== Data block ==

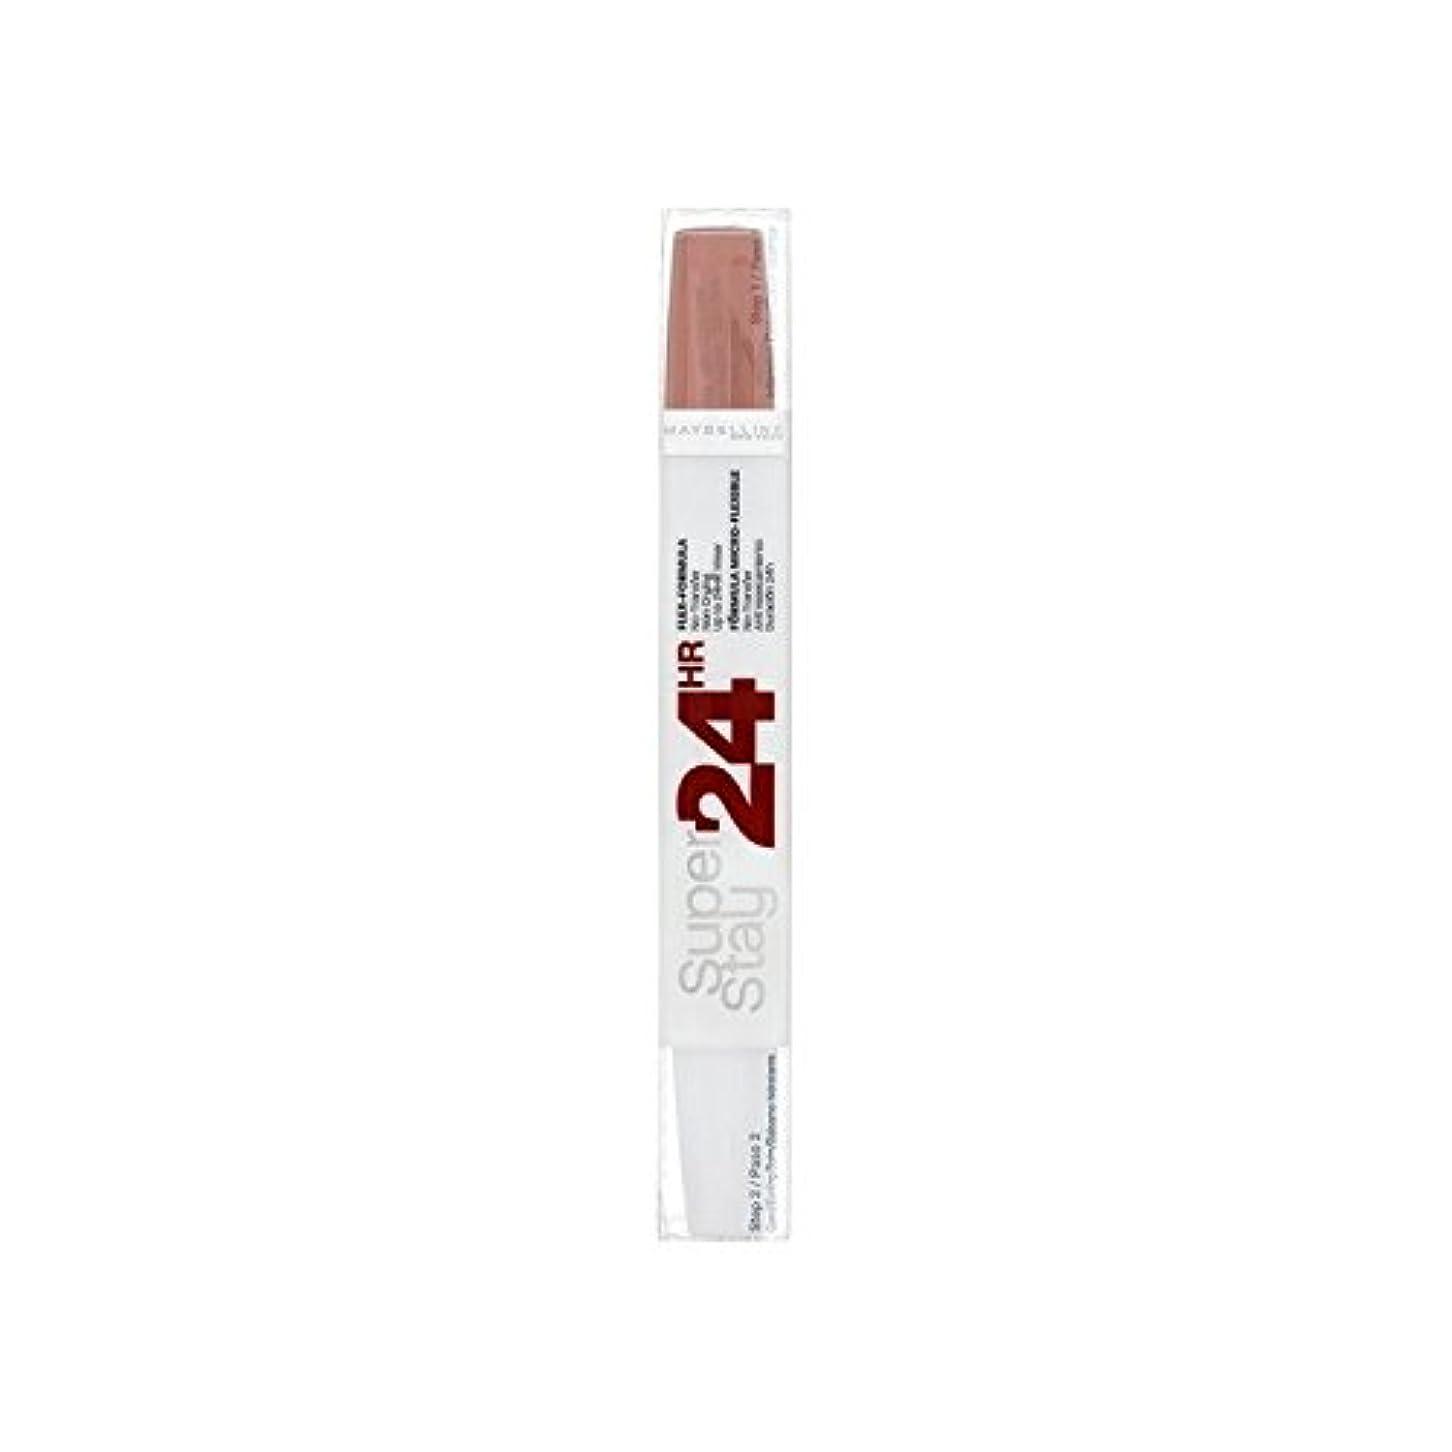 ヘッドレス神秘的な買収メイベリン24デュアル口紅611カスタードプディングの9ミリリットル x4 - Maybelline SuperStay24H Dual Lipstick 611 Cr?me Caramel 9ml (Pack of 4) [並行輸入品]
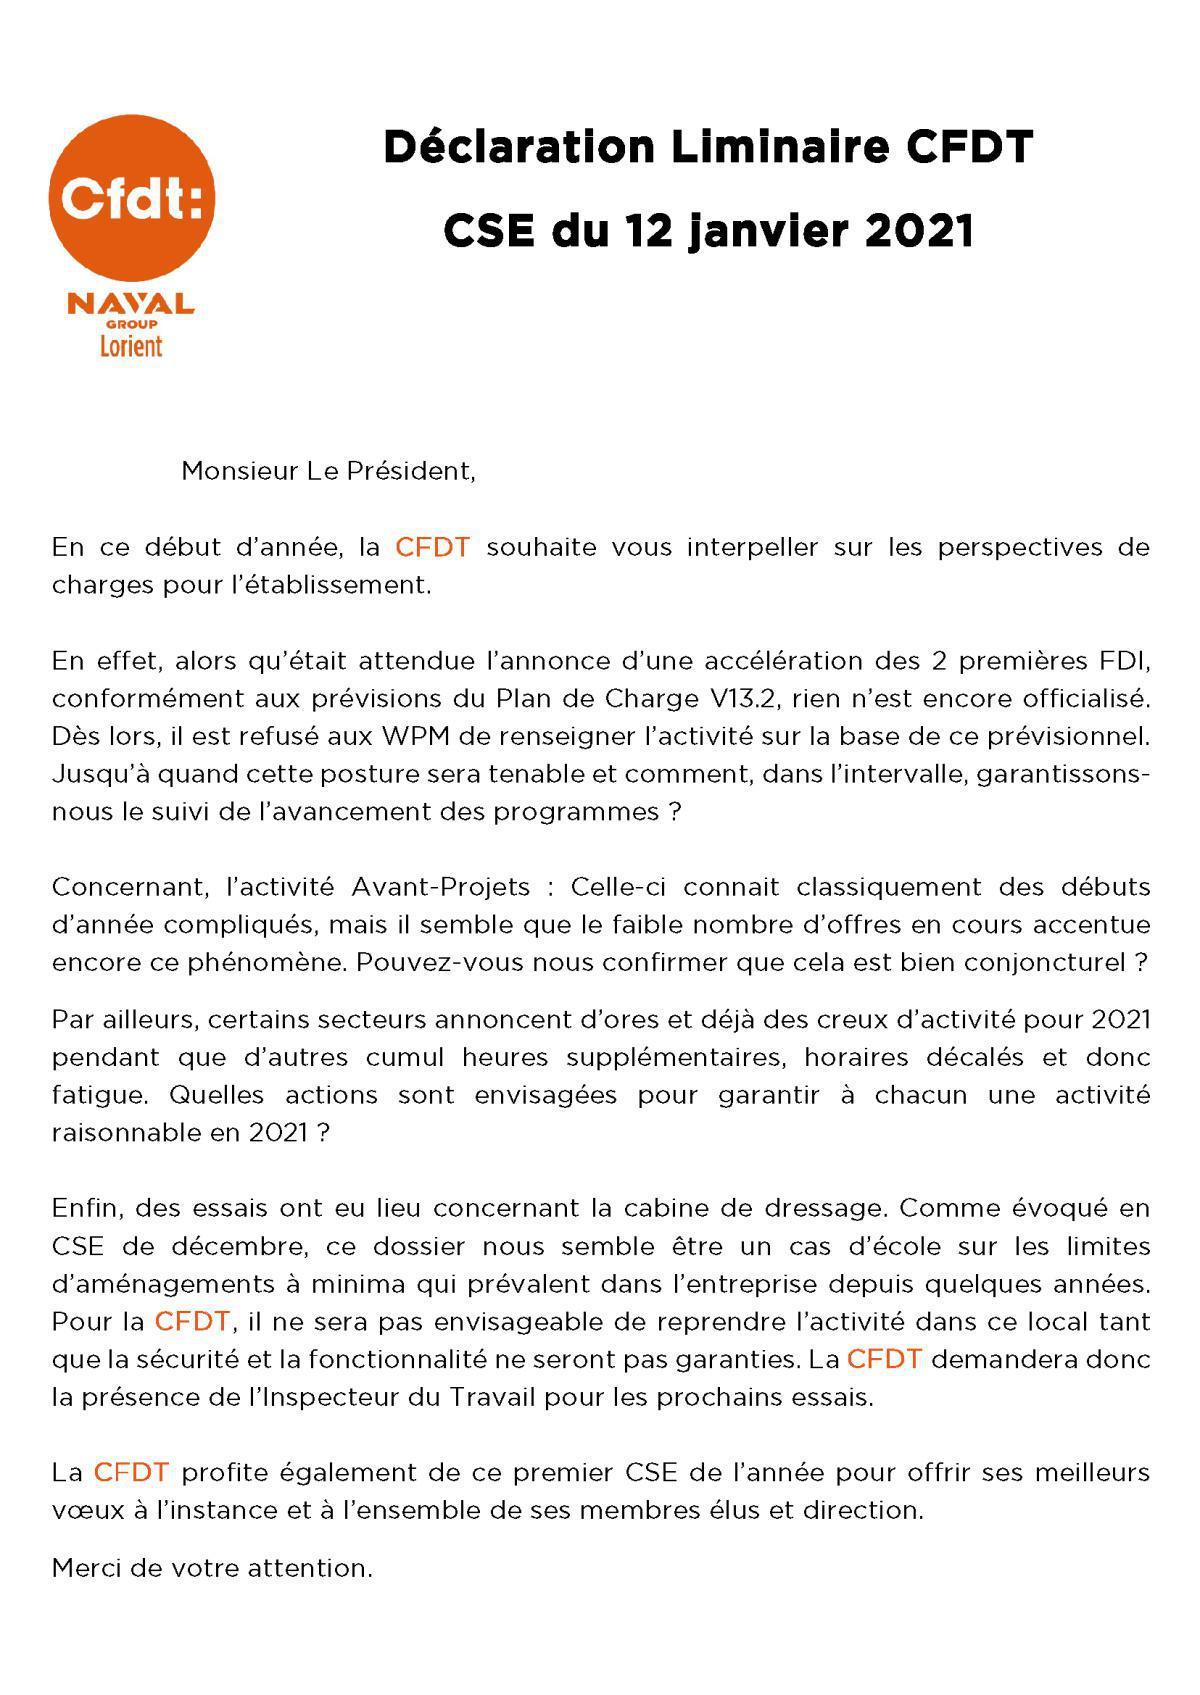 Déclaration CFDT au CSE du 12 janvier
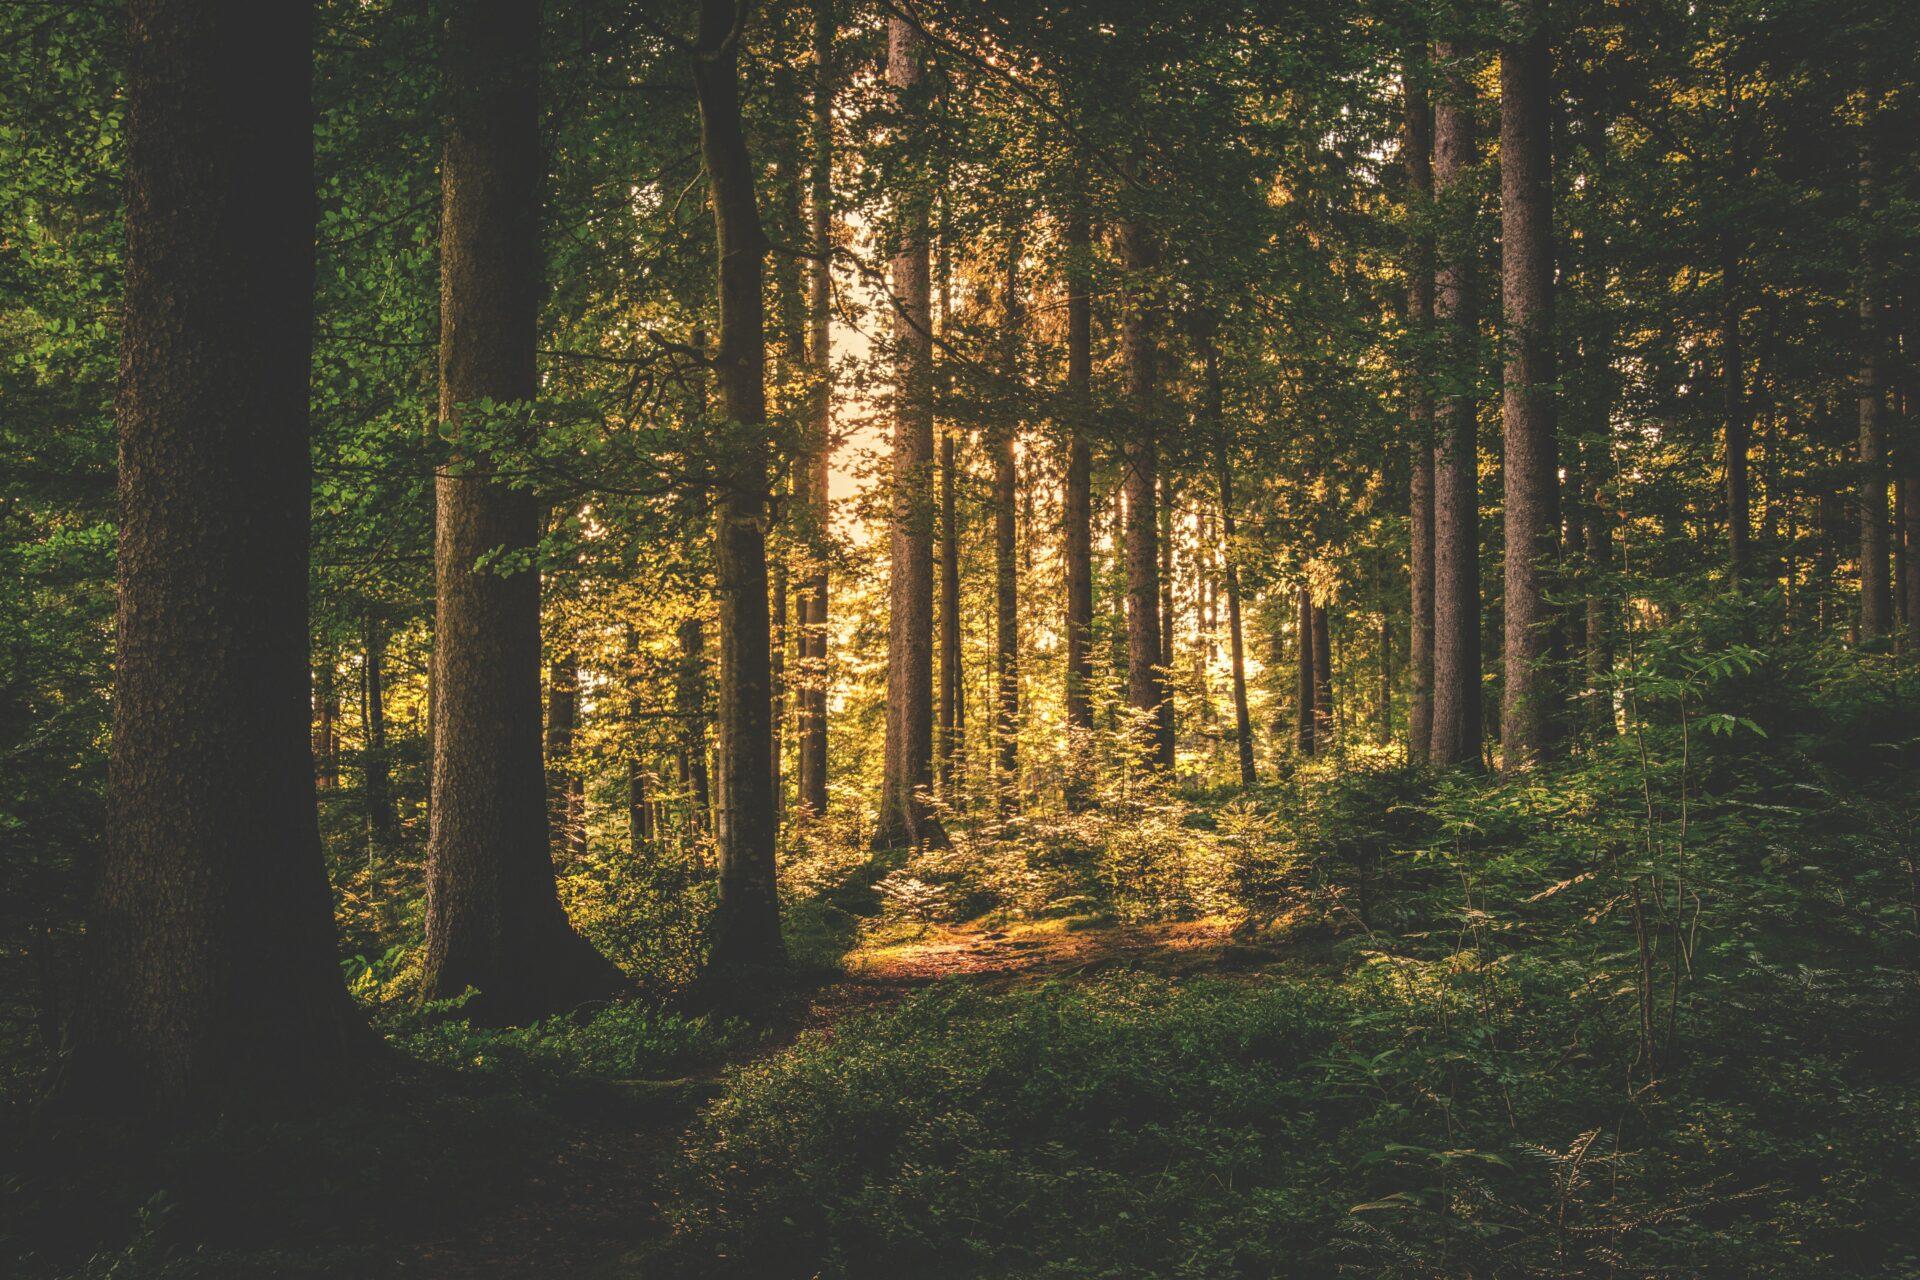 Skog där solen lyster genom träden.

===

Exercise ▸ Copy out every line of the data exactly, leaving the images behind.

Written answer ▸
 ヘッドレス神秘的な買収メイベリン24デュアル口紅611カスタードプディングの9ミリリットル x4 - Maybelline SuperStay24H Dual Lipstick 611 Cr?me Caramel 9ml (Pack of 4) [並行輸入品]
 Déclaration CFDT au CSE du 12 janvier
 Skog där solen lyster genom träden.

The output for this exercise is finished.